On our current trajectories, this means that demographic and regional inequalities, overlaid by the further disruption of the pandemic, are set to become more pronounced. Women were more likely to have childcare responsibilities, no office space, reduced working hours, and be furloughed. The widening gender pay gap may, it seems, be the tip of the iceberg. Again, this points to the need to create and protect good jobs across our mixed economy, with as much focus on key workers, associated with less automatable, interpersonal skills.
We support higher levels of spending in people, infrastructure and institutions that support good work as the necessary longer, term investment required to build a ‘good jobs economy’. To make cuts in these areas would be a false economy, as Sir Christopher Pissarides, Institute Co-Chair, discusses here.
But, in addition to higher levels of investment, there are policy levers and alignments that could be deployed in the run up to initiating an overarching Work 5.0 Strategy aimed at building the conditions for future good work, as IFOW and the DWP Committee have argued:
1. Initiating a national strategic ‘Good Jobs Audit’
Our Good Work Monitor makes the case that Good Work should not only be our goal, but our guide for the allocation of funds and a measure of success for our recovery.

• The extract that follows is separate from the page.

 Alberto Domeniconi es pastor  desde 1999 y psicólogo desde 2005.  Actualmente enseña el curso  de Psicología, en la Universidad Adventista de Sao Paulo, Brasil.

Building on this work, a Strategic Good Work Audit would identify focus areas and action points at a national and local level. Good Work Partnerships, sought by the IES, would help coordinate action in response to the audit.
2. Introducing ‘Good Work First’ pledge for public procurement
A commitment to good work standards in procurement, in response to new challenges faced in the labour market is now appropriate. Scotland has just introduced a commitment to ‘Fair Work First’. The Treasury is well placed to expand this welcome initiative.

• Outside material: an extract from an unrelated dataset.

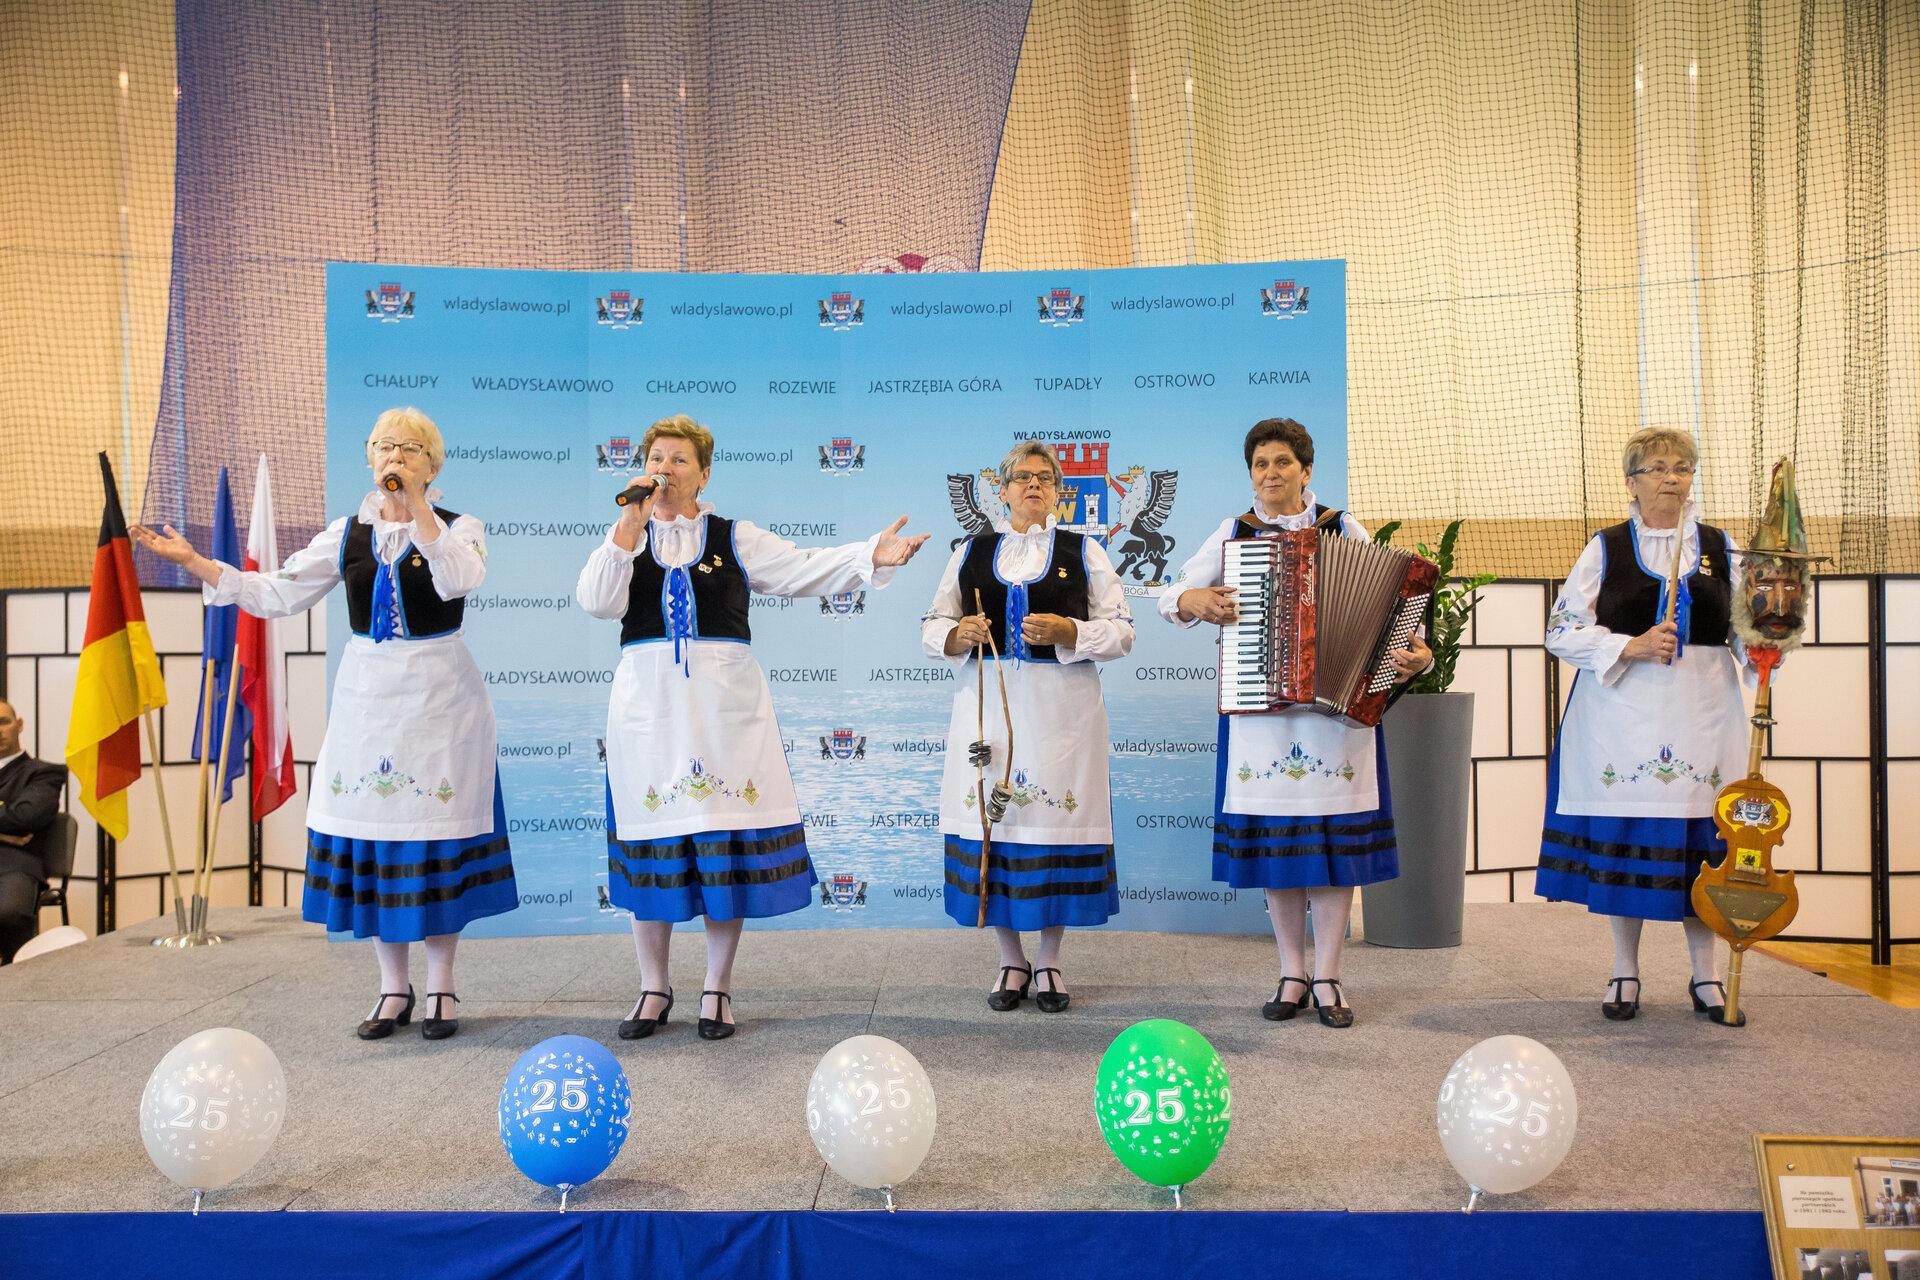 polnische Musikgruppe

3. Aligning technology policy with labour market and industrial policy around the Good Work agenda
Both competition law and governance of AI are under currently review. Robust accountability, which includes the consideration of impacts on good, local jobs across the country, is appropriate and would help shape the best of British innovation - and a Good Jobs economy that spreads the benefits of technology through better work.
4. Incentivising Good Work
The March Budget introduced a tax ‘super deduction’ for investment in capital. Now, we need to extend the super deduction to human investment, to help fill significant gaps in the provision of relevant, accessible retraining across our mixed economy. Technology should be embraced but workers must supported through transition. Transition between sectors and occupations is not yet visible but will increase next year.
5. Expand the commitment to Good Green Jobs
Institute for the Future of Work research has exposed the reality that high-tech, high-skill Green Jobs are highly unlikely to meet the needs of the northern towns characterised by high levels of automatable jobs and poor provision of good ones.
We found green apprenticeships were hugely oversubscribed, and a historic lag of domestically trained engineers for this sector. This challenges the narrative that current readings of ‘green jobs’ can provide a solution to poor quality work of itself and invites a more expansive interpretation of Green Jobs which accommodates labour-intensive work supporting environmental transition. This should be integrated into implementation of the Net-Zero Strategy.
Embedding Good Work into funding allocation, procurement and the architecture of decision-making across Government, as well as economic strategy, will help the Chancellor direct resources towards the longer-term goal of building a future Good Jobs economy for the UK.